Since then, Halliburton has been able to strike a deal with its insurers to cover much of the asbestos-related costs. But Halliburton is likely to suffer from its asbestos hangover for several years to come, as it works to pay down increased debt it took on to resolve the matter.

"The Dresser deal will go down as one of the worst deals in the modern energy business," says a Houston-based energy analyst who has been following Halliburton for several years. The analyst asked that his name not be used -- which is not surprising given Halliburton's size and the staunch Republican leanings of most energy business personnel. Asked if Cheney was a good CEO for Halliburton, the analyst replied, "The answer is clearly no. He knows how to make decisions. But he wasn't an energy guy. You can't find anything good that comes out of his tenure."

Another Cheney-era deal, the Brazilian offshore oil project known as Barracuda-Caratinga, is also draining the company's cash. During Cheney's time at the helm, Halliburton agreed to a fixed-price contract with the Brazilian oil company, Petrobras, to build the infrastructure needed for the two offshore oil fields -- Barracuda and Caratinga, which are located in about 3,000 feet of water. But the project has spun out of control.
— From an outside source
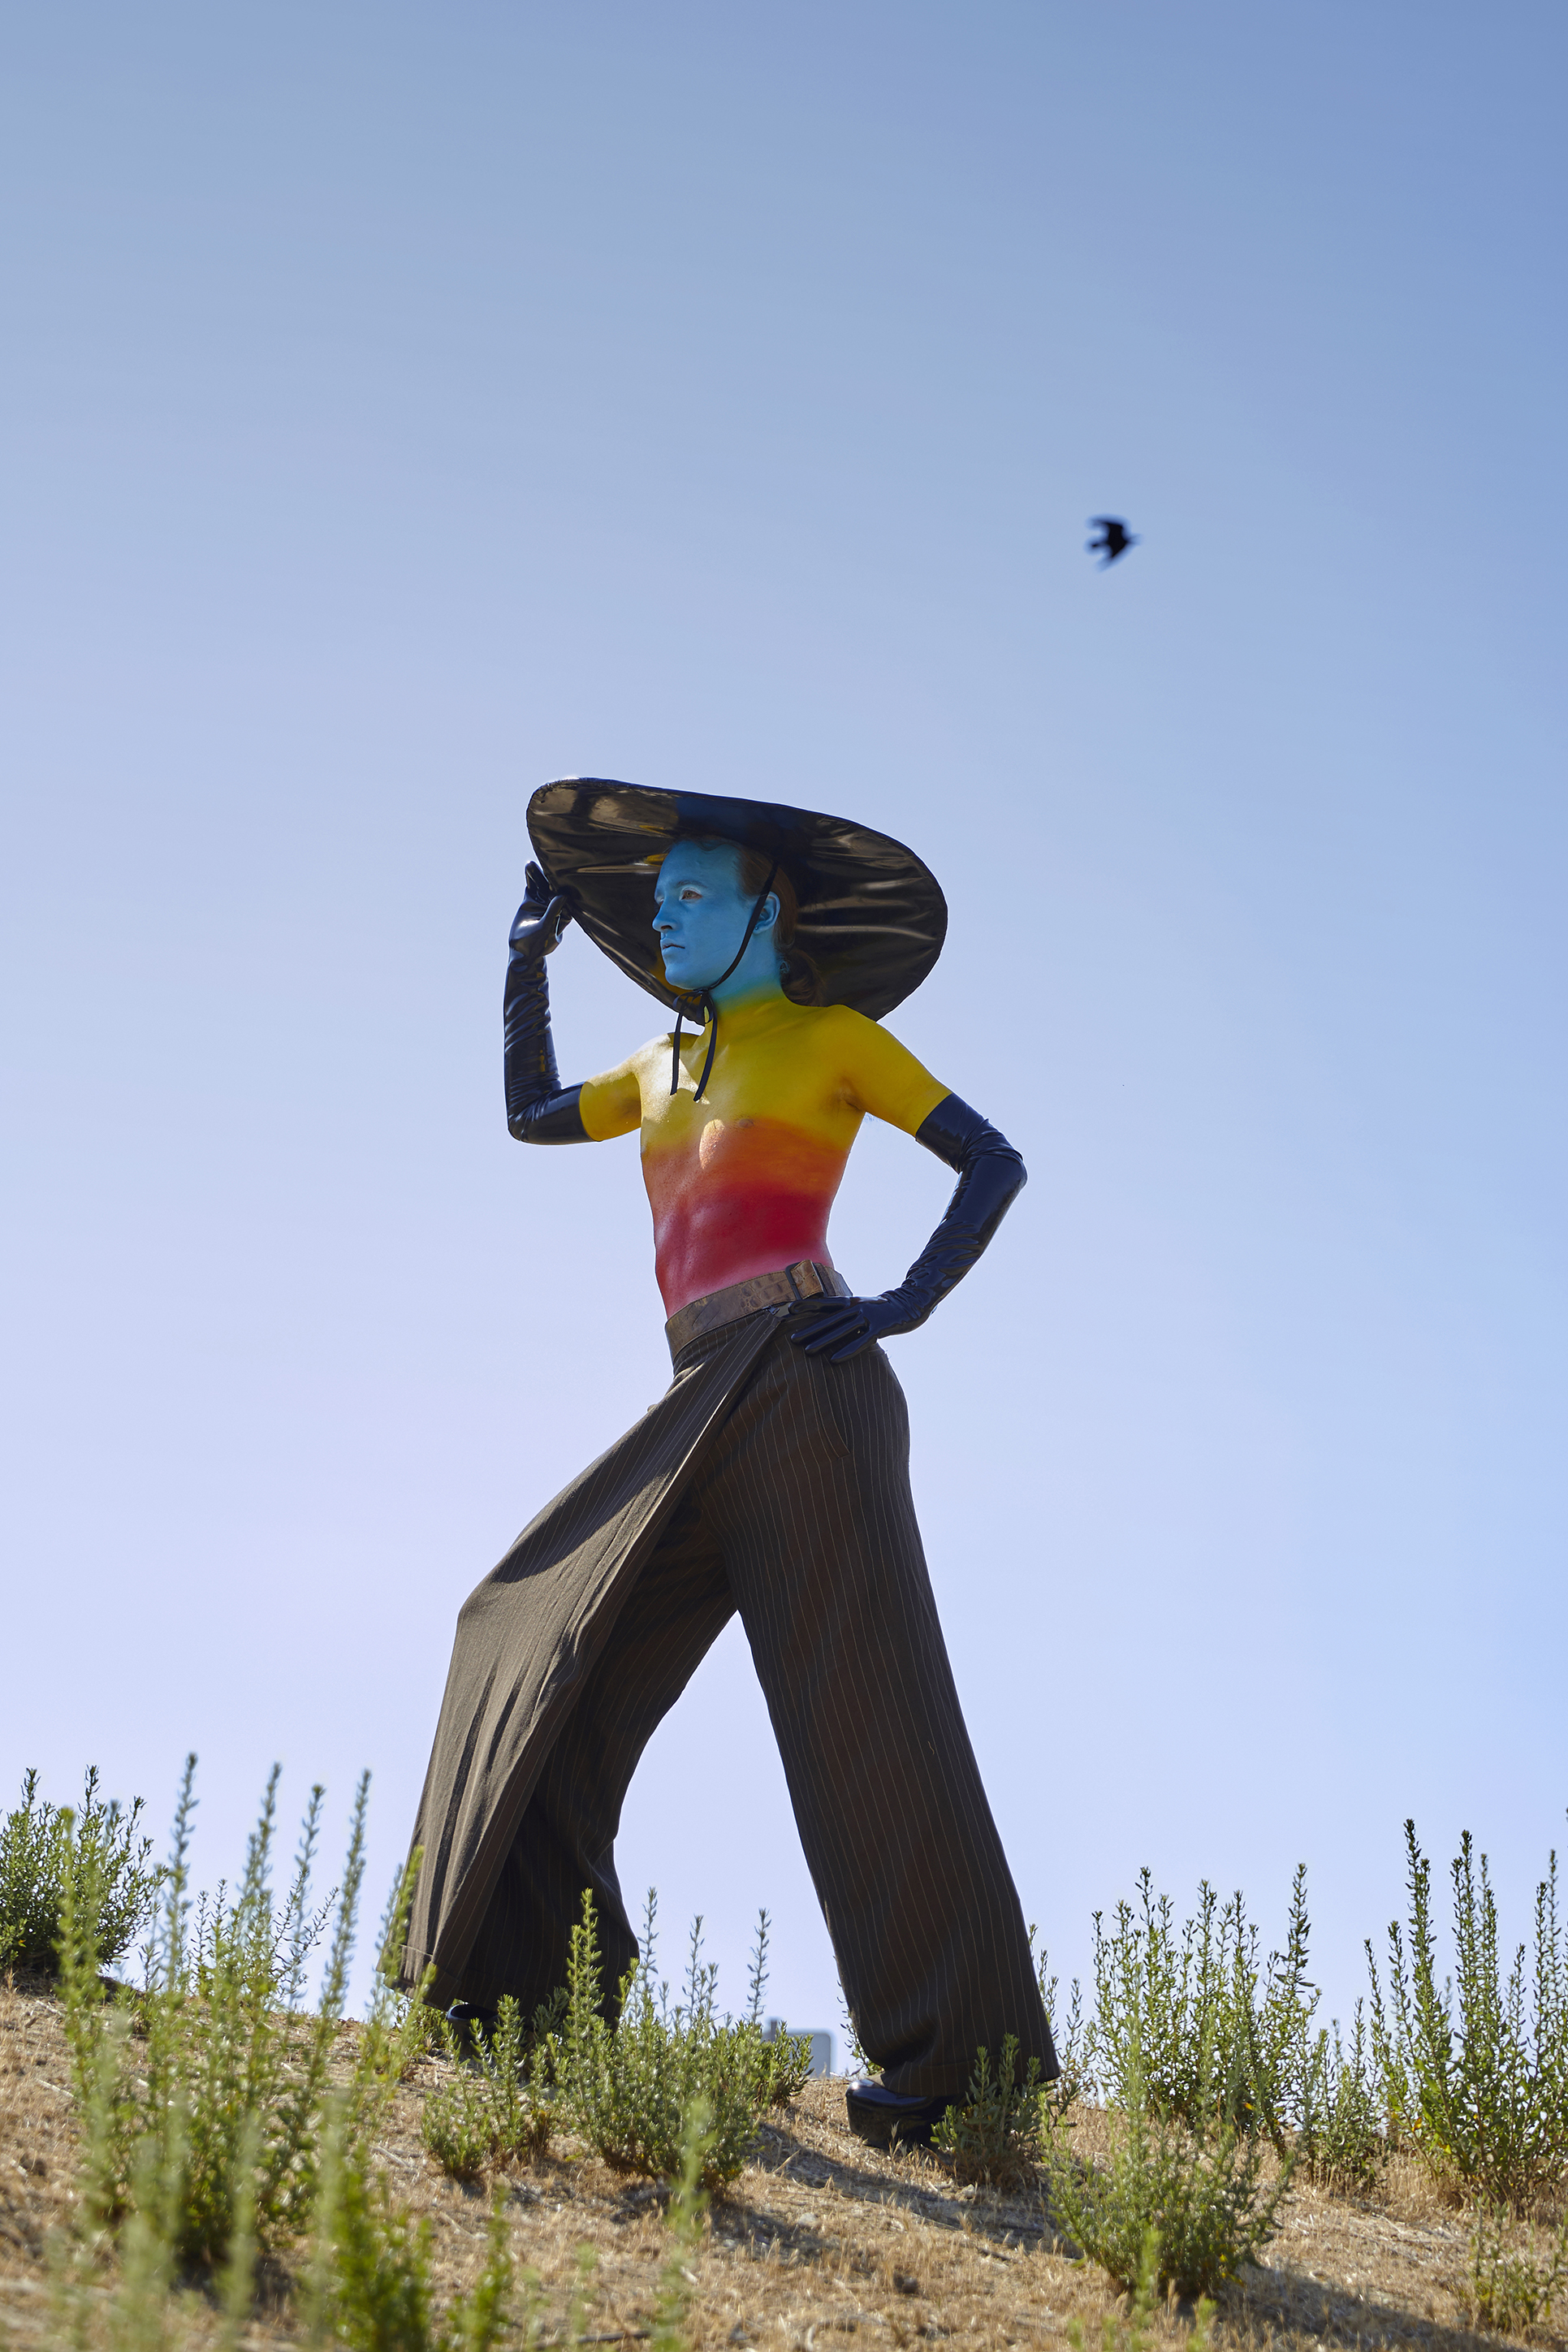 Jesse shirtless with rainbow body paint, latex hat and gloves on a hill outside posing

In a June 29 research note, Merrill Lynch analyst Mark S. Urness wrote that the cost overruns and charges taken by Halliburton on the project have already totaled $675 million, and the company may still have to cough up another $272 million to resolve the mess.
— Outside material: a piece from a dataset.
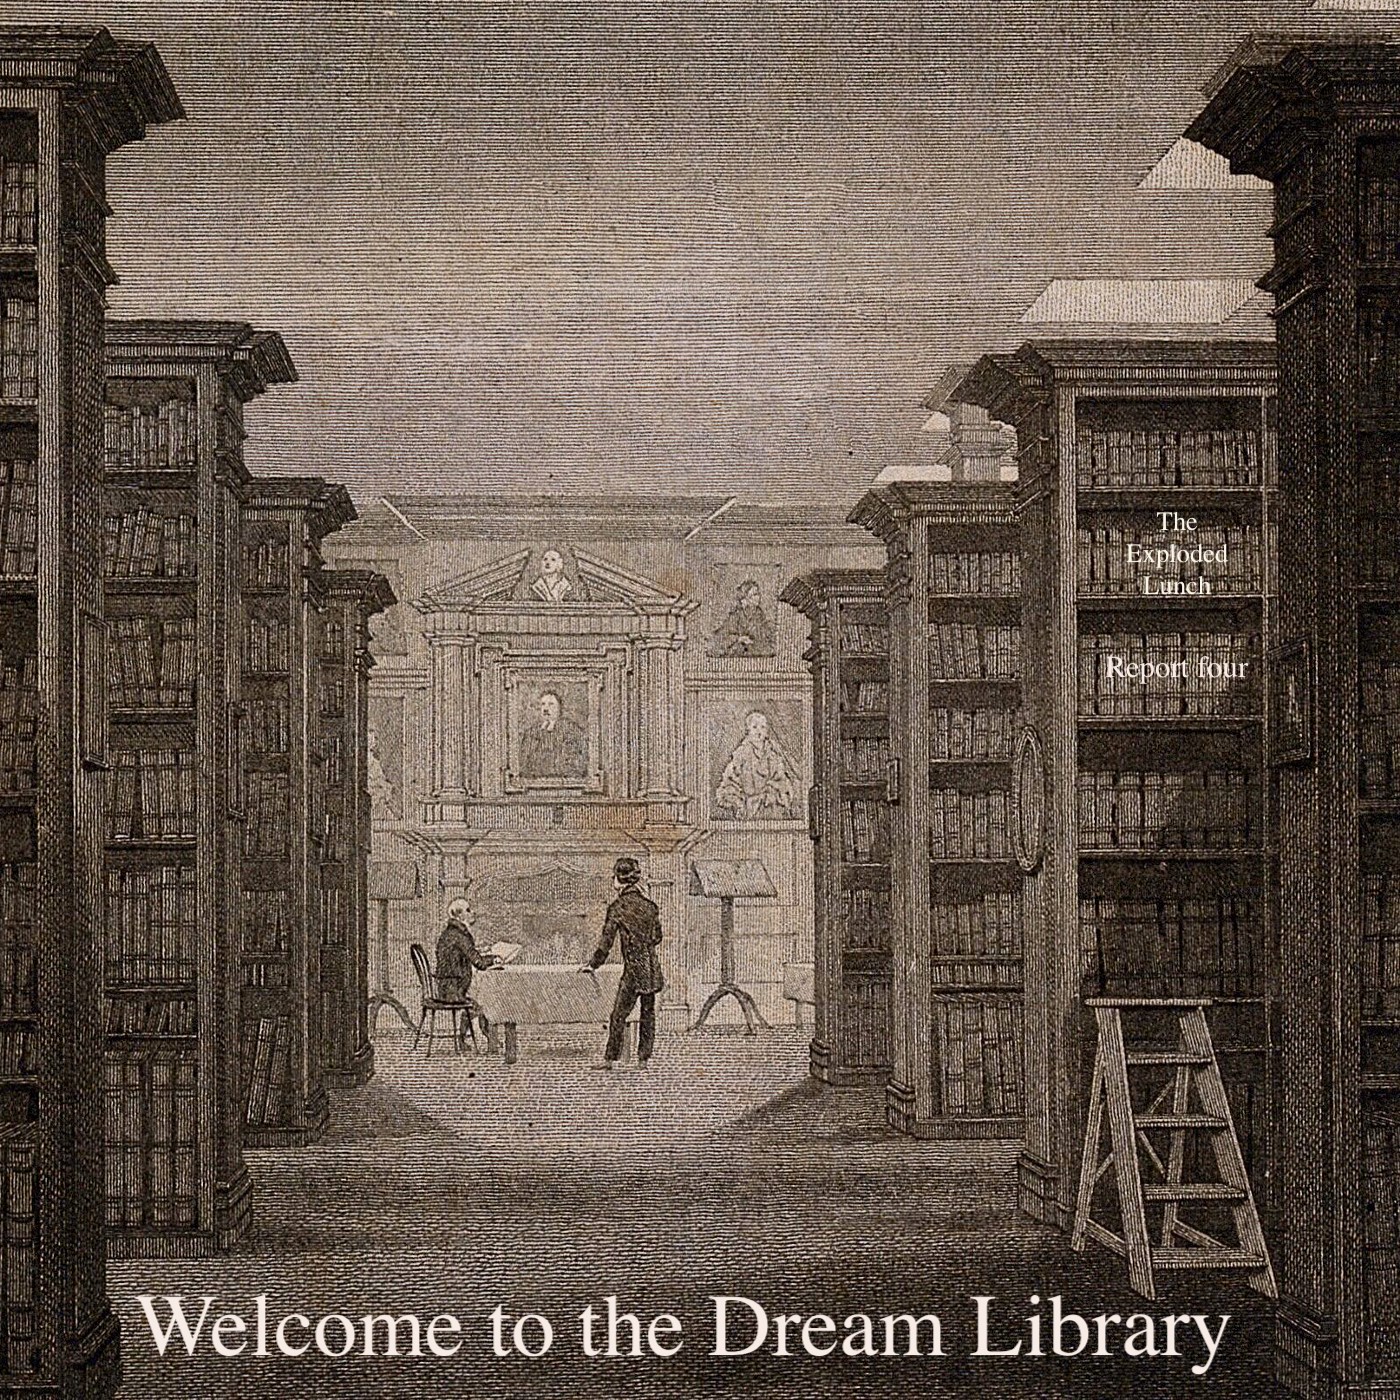 Dominic Smith – The Exploded Lunch, report four: Welcome to the dream library

Despite the problems, Urness still rates Halliburton a "buy," saying that the company has a "solid fundamental outlook" that is based on its "leading oil services franchise, as we anticipate increased worldwide upstream capital spending by producers through 2004-05."

Halliburton recently lost a $106 million legal judgment to a pair of Houston oil companies that had claimed the services giant violated confidentiality agreements in an oil deal in western Kazakhstan, near the Caspian Sea. Again, Cheney was involved.